- _Work instruction_: Reproduce the listing exactly. Omit pictures.

- _Recorded data_:

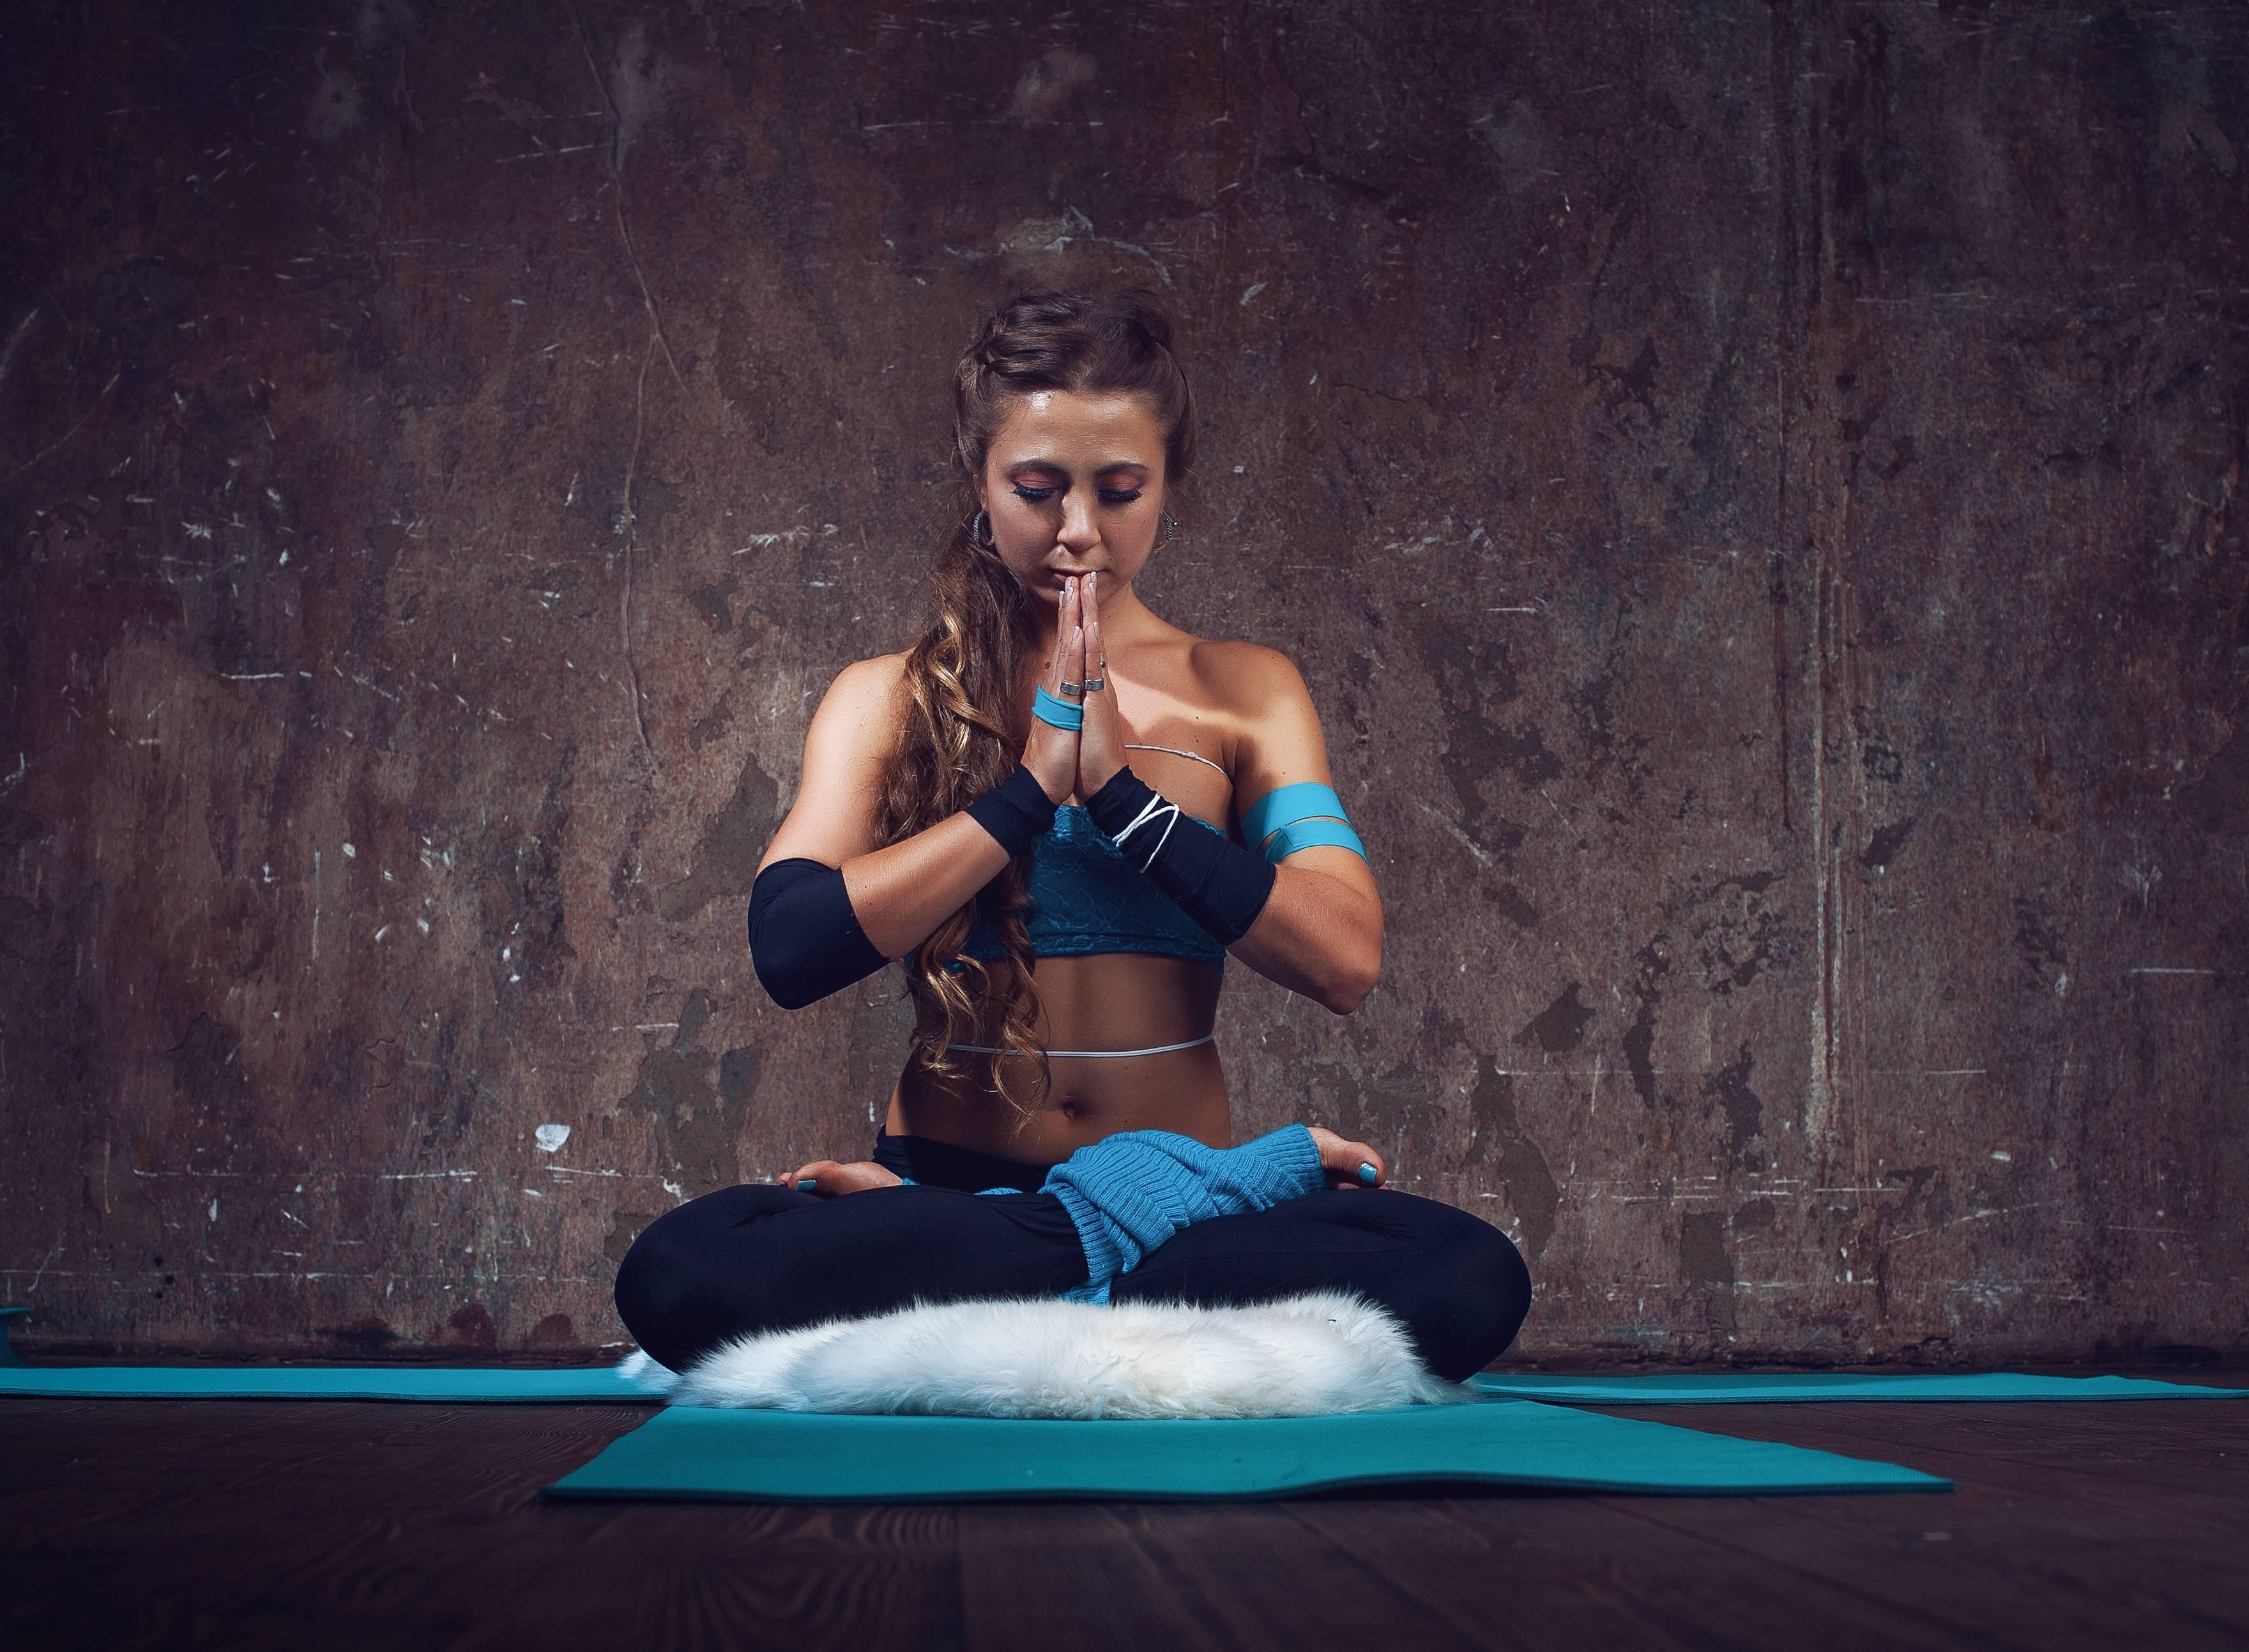 Тренировочная система йога 23: комплексы упражнений для начнающих
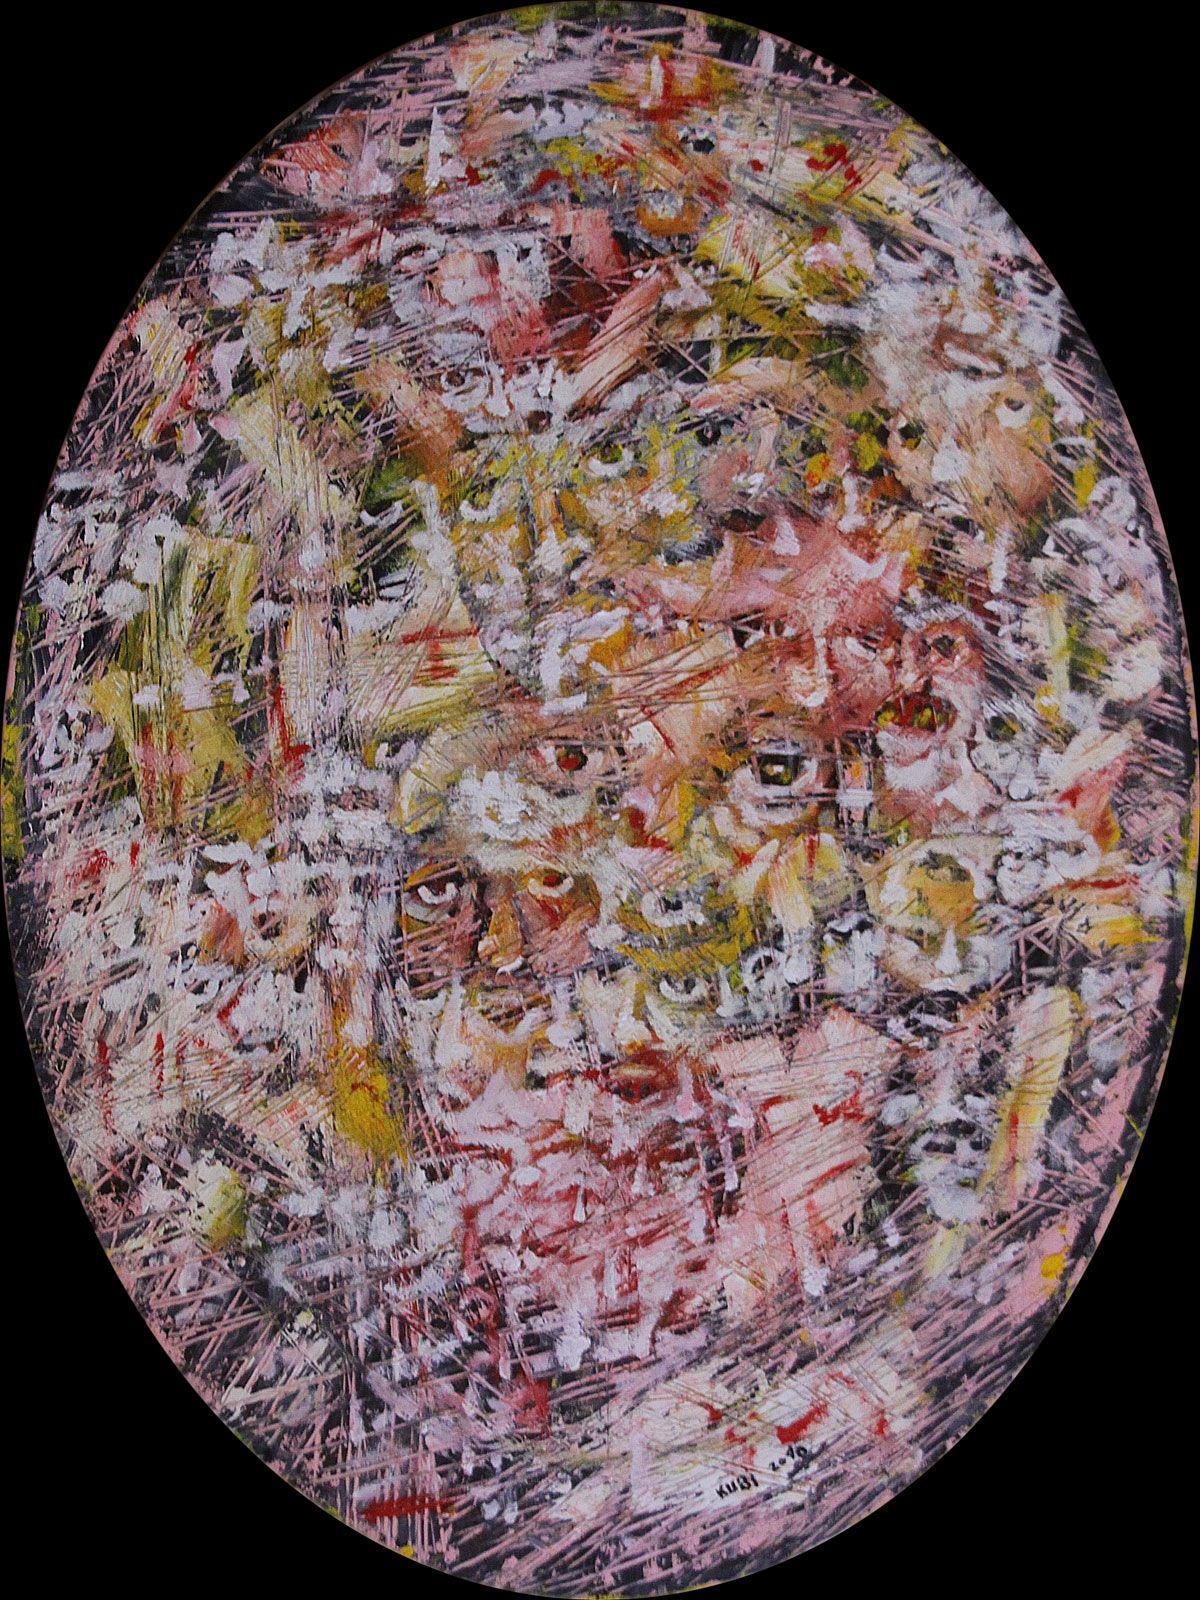 UALALLA - EINE TRANSLITERATION  Öl auf Leinwand  2010  60x80cm oval  von Stefan Kubicka  www.stefankubicka.at
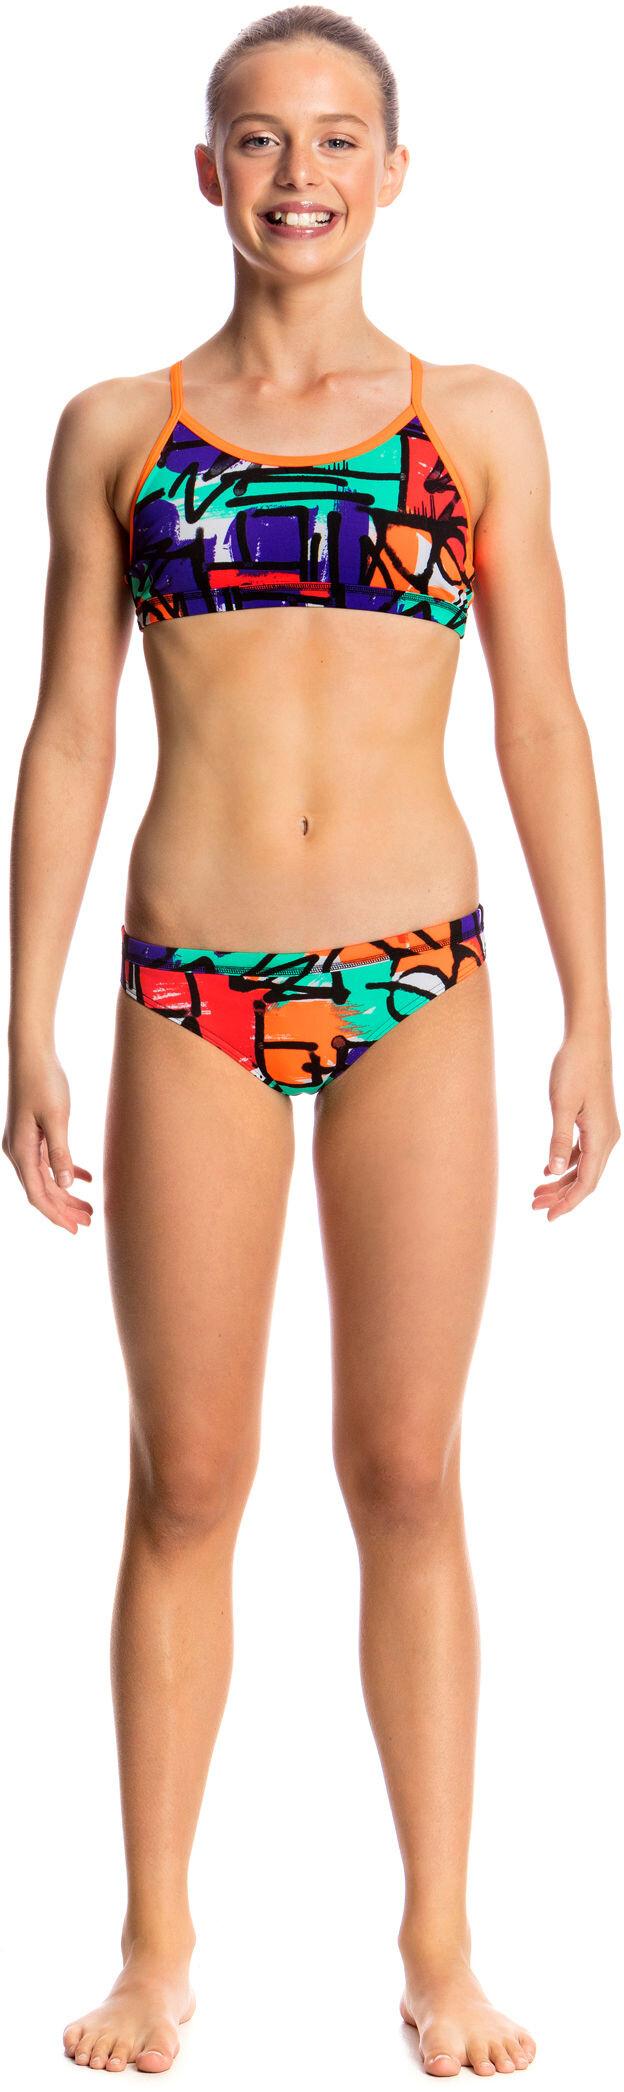 Funkita Racerback Two Piece Bikini Barn flerfärgad - till fenomenalt ... a53c6ee514bbd

- _Your response_:
 Тренировочная система йога 23: комплексы упражнений для начнающих
 UALALLA - EINE TRANSLITERATION  Öl auf Leinwand  2010  60x80cm oval  von Stefan Kubicka  www.stefankubicka.at
 Funkita Racerback Two Piece Bikini Barn flerfärgad - till fenomenalt ... a53c6ee514bbd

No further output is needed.